Вот как получилось – сначала она смотрела на Антона, мальчишку, снисходительно. А потом уже он начал относиться к ней, как к младшей сестре, свысока, нежно, иногда раздражаясь, иногда грозясь бросить насовсем, но точно зная, что этого не будет, что они повязаны невидимой нитью, вросли друг в друга, как психологические сиамские близнецы.
У него было много женщин. В основном – ничего не значащие интрижки, но иногда случались и намеки на нечто более серьезное. Несколько лет назад была история с Инной, стюардессой.

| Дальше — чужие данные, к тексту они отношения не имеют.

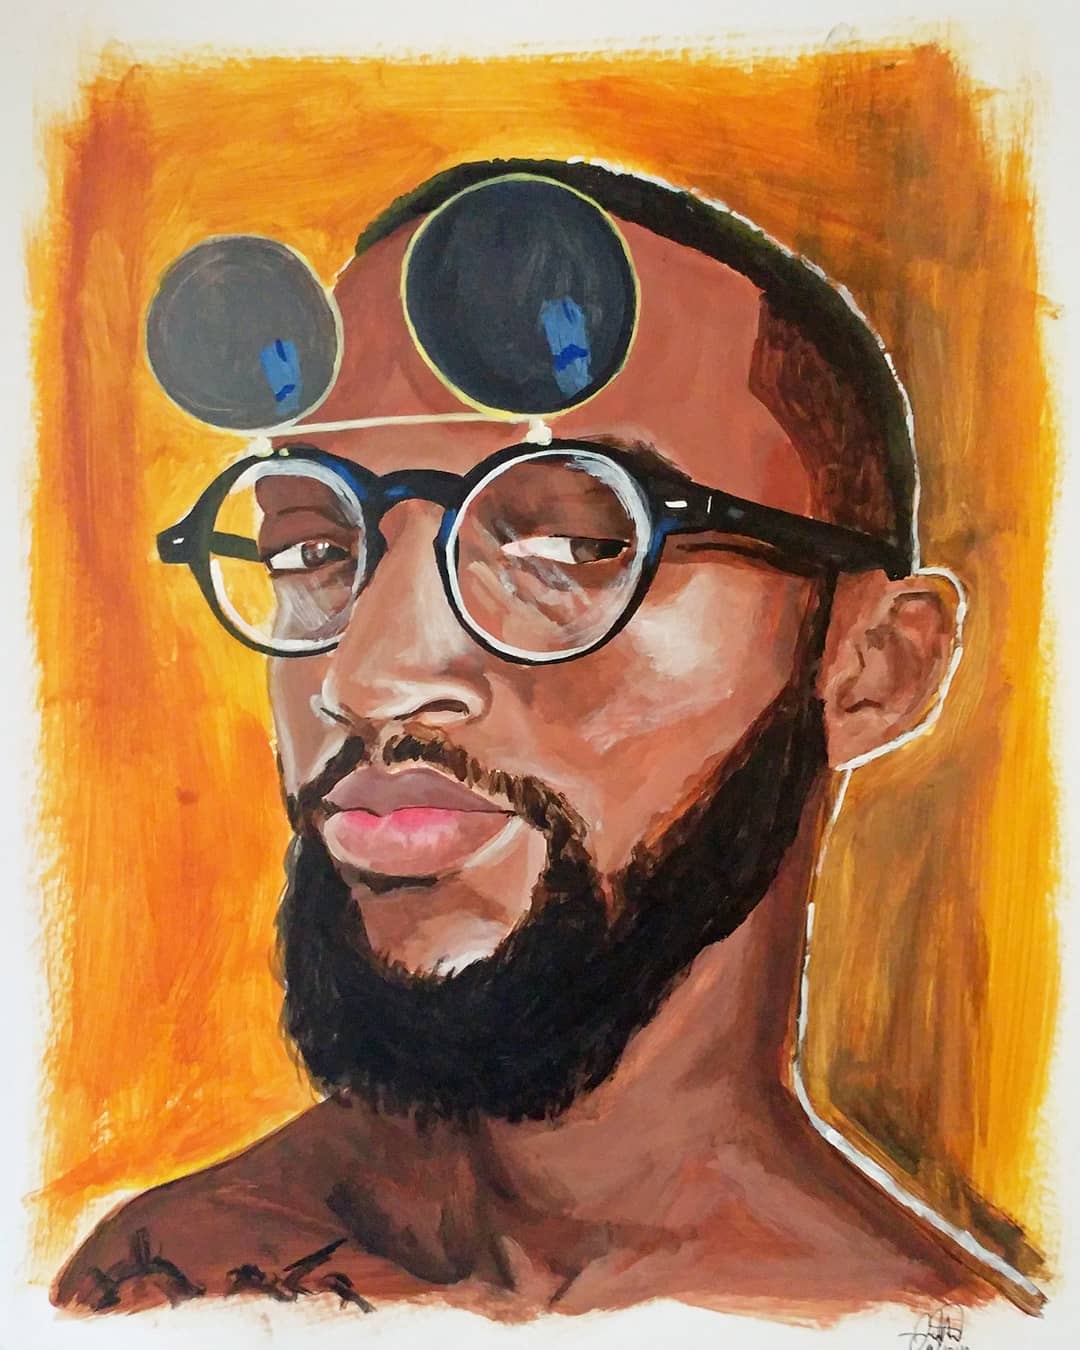 Jordan Hendrickson's self portrait of his head with sunglasses.

Она была прямой противоположностью Светлане. Света – образец готического шика. Инна – рыжая, румяная, усыпанная веснушками, с яркими сочными губами, пышными формами, болтливая, смешливая. Антон познакомился с ней в самолете – он летел в Лондон, а она пролила на него томатный сок.
У них была страсть. Немая, жаркая, окропленная серыми британскими дождями, обласканная скупым московским солнышком, пахнущая потом и мускусом. Хрустко накрахмаленные простыни очередной окраинной гостиницы, полыхающая табличка «Do not disturb», принесенные равнодушной горничной сэндвичи… Полгода он жил Инной, он ею дышал. Они встречались раза два в неделю, и он ждал этих скомканных мускусных свиданий, как бледнеющая жертва ждет своего вампира. Светлана знала, что у него роман (она называла это «интрижкой»), и, как всегда, делала вид, что ей все равно. Но однажды ночью, Антон, не просыпаясь, погладил ее по плечу и нежно прошептал: «Инночка!»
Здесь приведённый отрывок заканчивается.